Regno cristiano di Gerusalemme, Anno Domini 1109

Era chiuso in quella stanza da due mesi, trascurando tutti gli altri impegni che avrebbe dovuto adempiere. Sentì vagamente qualcuno bussare alla porta, ordinando di presentarsi al cospetto del Gran Maestro. Chiunque egli fosse, il ragazzo lo congedò con un cenno del capo, immergendosi nuovamente nel suo lavoro. Era entrato nell’Ordine degli Ospedalieri non appena terminata la Crociata ed alla morte del re Goffredo di Buglione aveva incominciato a dedicarsi allo studio degli innumerevoli libri di magia abbandonati nei sotterranei della città dai Musulmani. In poco tempo era riuscito a decodificarli e mettere quel potere a disposizione dell’Ordine, che si occupava della sicurezza dei luoghi cristiani in Terra Santa. Aveva scoperto l’arcano mondo delle evocazioni e vi si era buttato a capofitto, cercando inesorabilmente di rintracciare lo spirito che aveva tentato di uccidere il suo sire. Non appena l’ifrit era sparito dalla tenda, si era precipitato all’esterno e aveva svuotato la bottiglia di vino a terra, guardando terrorizzato la sabbia del deserto annerirsi in una nuvola di miasma.

Jean si alzò dalla sedia, uscendo da quella minuscola stanza ingombra di libri e percorse i tortuosi corridoi della base degli Ospedalieri. Avrebbe dimostrato a quell’ifrit chi era diventato e come era riuscito a trasformare quel bambino spaventato in un abile guerriero.

Due figure, avvolte in mantelli scuri, camminavano speditamente per i vicoli tortuosi dei vecchi quartieri di Gerusalemme: “Tutte quelle dannate chiese cristiane!
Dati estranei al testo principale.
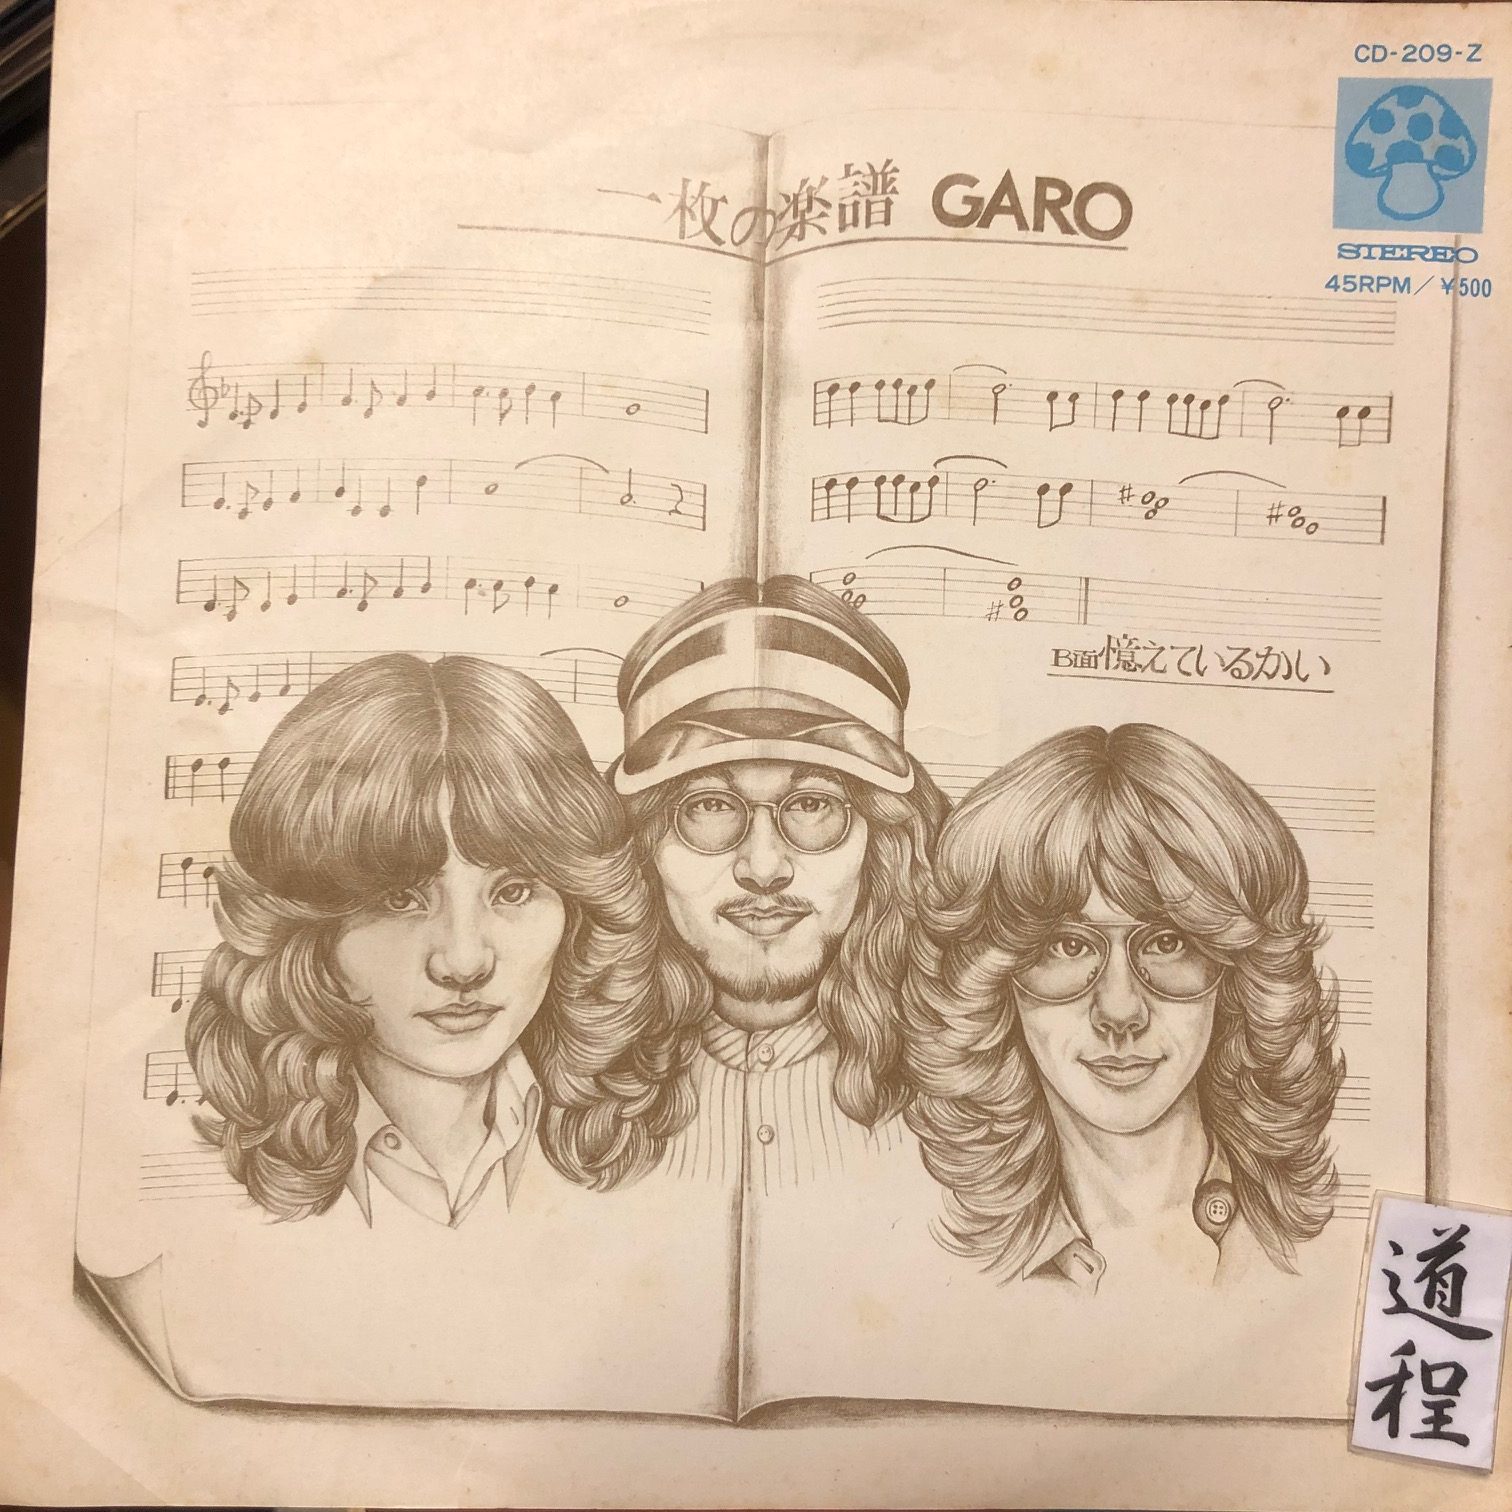 Garo – 一枚の楽譜 (CD-209-Z)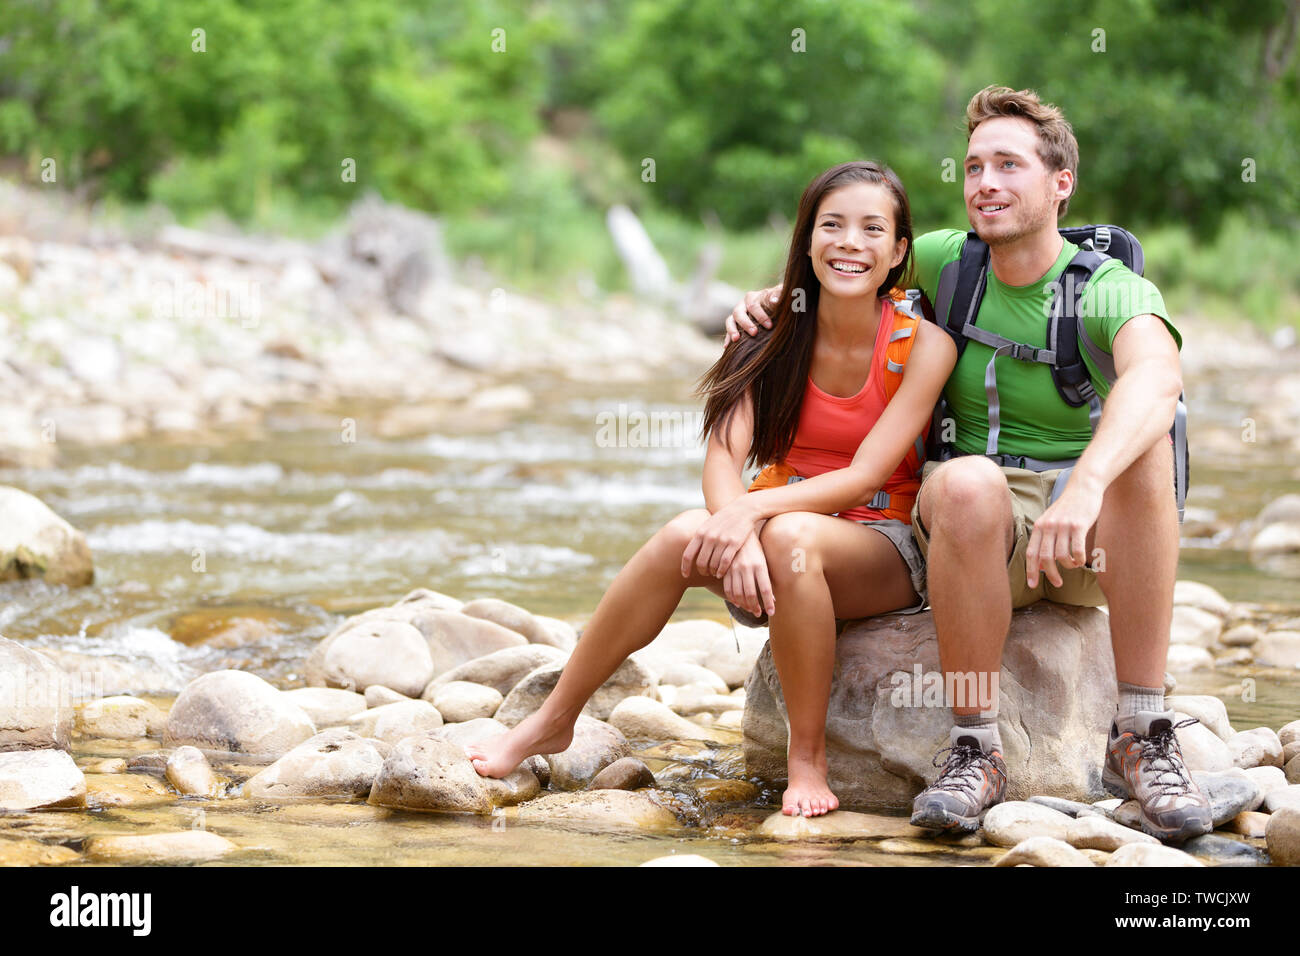 Wandern Paar - Wanderer im Zion National Park. Junge Frau und Mann Wanderer sitzen durch Wasser des Flusses Creek genießen Blick lächelte glücklich. Junges Paar trekking, entspannend nach der Wanderung, Utah, USA. Stockfoto

Mi stanno bruciando l’Essenza” sibilò una di loro, mentre da sotto il cappuccio due occhi rossi come l’inferno ardevano di rabbia. “Smettila di lamentarti fratello! Credi davvero che questi crociati riusciranno a mantenere vivo il loro patetico regno per molto tempo?” chiese l’altra, in tono divertito. Il primo che aveva parlato si strinse maggiormente nel mantello: “Tutti i grandi maghi ed alchimisti musulmani sono morti nella Prima Crociata e, senza di loro, sono in pochi quelli in grado di evocarci! Saremmo capaci di annientare questa feccia umana in poche ore, se ce lo ordinassero!” esclamò, sputando a terra. Non appena arrivarono in un vicolo deserto, l’altra abbassò il cappuccio, lasciando che i capelli rossi brillassero alla luce del sole: “Ora sei un ifrit libero. Se odi così tanto i cristiani, perché aspetti che qualcuno ti convochi e ti ordini di ucciderli? Scatena la tua furia su di loro e lascia che i Musulmani riconquistino la città. Abbatteranno le Chiese, ricostruiranno le loro Moschee ed il nostro potere sarà forte come prima” concluse, appoggiandosi al muro di una casa. L’altro sospirò: “Lo sai come funziona. In assenza di un padrone non possiamo intrometterci nelle vicende umane. Se non ci intromettiamo, temo che il regno cristiano duri per molti secoli. Se dura per molti secoli, la nostra Essenza sarà sempre più debole e ci ridurremo l’ombra di noi stessi. Guarda Kamila: nei tempi antichi abbiamo fatto grande questa città ed ora non possiamo soggiornarvi troppo a lungo senza il rischio di morire” replicò, dando con rabbia un calcio ad un ciottolo.

Lei fu sul punto di ribattere, ma si fermò improvvisamente, chiudendo gli occhi. Rimase in quella posizione per qualche secondo, sotto lo sguardo preoccupato del fratello, poi le sue labbra si incresparono in un sorriso: “Alla fine ce l’hai fatta, Jean” mormorò, calandosi nuovamente il cappuccio sul volto. L’espressione del fratello divenne di rimprovero: “Parli dell’umano che hai seguito per questi anni?” domandò con astio. Lei annuì leggermente: “Devi ammettere che ha dimostrato un certo talento, per avere solo ventidue anni, visto che è riuscito a tradurre quasi tutti i libri antichi, compresi gli appunti del mio ultimo padrone.

Un lavoro che forse risulterà utile ad i suoi compagni, ma non gli servirà a molto per ciò che ha in mente. Ed ora fratello, prima che tu possa domandarmi cosa mi lega a quel cristiano, ho una faccenda da sbrigare!” esclamò, abbandonando lo stato corporeo e lasciando che il suo mantello cadesse dolcemente sui ciottoli del vicolo.